What the task requires
In the listing below, find every line containing "Chapter" and copy it out.

━━━━━━━━━━━━━━━━━━━━

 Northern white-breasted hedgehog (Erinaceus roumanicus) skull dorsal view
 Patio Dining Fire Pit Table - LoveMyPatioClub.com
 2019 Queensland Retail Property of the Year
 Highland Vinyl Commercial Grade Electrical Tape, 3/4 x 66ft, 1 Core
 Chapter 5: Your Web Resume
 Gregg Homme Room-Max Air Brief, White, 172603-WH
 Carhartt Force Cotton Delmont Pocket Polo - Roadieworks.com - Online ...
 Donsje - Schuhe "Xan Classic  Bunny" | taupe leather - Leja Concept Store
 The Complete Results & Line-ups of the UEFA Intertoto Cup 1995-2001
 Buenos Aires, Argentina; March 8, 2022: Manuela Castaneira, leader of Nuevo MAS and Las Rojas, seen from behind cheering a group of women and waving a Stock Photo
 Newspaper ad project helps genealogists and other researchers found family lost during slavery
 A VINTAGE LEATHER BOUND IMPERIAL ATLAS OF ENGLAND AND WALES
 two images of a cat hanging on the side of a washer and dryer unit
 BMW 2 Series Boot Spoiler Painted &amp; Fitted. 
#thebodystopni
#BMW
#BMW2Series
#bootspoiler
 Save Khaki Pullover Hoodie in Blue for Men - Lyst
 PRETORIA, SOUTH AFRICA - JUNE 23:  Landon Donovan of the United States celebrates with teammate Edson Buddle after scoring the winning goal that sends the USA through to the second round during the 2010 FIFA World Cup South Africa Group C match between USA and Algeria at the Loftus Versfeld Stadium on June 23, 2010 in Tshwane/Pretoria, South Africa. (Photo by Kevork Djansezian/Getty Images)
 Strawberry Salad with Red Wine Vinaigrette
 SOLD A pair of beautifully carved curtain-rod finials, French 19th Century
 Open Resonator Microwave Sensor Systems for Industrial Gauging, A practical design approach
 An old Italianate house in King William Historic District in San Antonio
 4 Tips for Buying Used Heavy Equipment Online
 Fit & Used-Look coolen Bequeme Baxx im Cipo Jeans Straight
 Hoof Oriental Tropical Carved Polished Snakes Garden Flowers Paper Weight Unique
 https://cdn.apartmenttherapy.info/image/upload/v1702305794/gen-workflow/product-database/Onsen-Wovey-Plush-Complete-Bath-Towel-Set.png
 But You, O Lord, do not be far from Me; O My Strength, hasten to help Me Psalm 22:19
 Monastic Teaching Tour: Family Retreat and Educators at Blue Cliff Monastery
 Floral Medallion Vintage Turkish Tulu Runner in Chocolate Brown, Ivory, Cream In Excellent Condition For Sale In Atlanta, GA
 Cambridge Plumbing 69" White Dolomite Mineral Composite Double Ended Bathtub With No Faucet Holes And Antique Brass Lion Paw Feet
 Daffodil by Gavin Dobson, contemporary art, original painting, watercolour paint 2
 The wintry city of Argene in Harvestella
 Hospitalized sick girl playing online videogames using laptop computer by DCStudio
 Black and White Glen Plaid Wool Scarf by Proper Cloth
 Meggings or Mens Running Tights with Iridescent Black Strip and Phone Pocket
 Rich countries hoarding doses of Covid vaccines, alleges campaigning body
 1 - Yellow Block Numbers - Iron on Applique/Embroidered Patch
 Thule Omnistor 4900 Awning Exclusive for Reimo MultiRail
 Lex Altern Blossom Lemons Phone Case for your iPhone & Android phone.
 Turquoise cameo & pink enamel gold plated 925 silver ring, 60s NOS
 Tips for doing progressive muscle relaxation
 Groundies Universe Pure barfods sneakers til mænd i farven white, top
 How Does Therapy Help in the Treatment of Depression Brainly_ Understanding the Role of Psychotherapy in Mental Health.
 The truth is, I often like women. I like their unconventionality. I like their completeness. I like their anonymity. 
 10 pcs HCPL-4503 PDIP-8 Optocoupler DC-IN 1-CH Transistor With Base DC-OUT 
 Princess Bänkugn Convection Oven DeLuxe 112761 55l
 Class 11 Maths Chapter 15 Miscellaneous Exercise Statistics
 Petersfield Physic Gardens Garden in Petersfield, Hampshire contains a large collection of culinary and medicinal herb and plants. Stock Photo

━━━━━━━━━━━━━━━━━━━━

Response for this exercise
 Chapter 5: Your Web Resume
 Class 11 Maths Chapter 15 Miscellaneous Exercise Statistics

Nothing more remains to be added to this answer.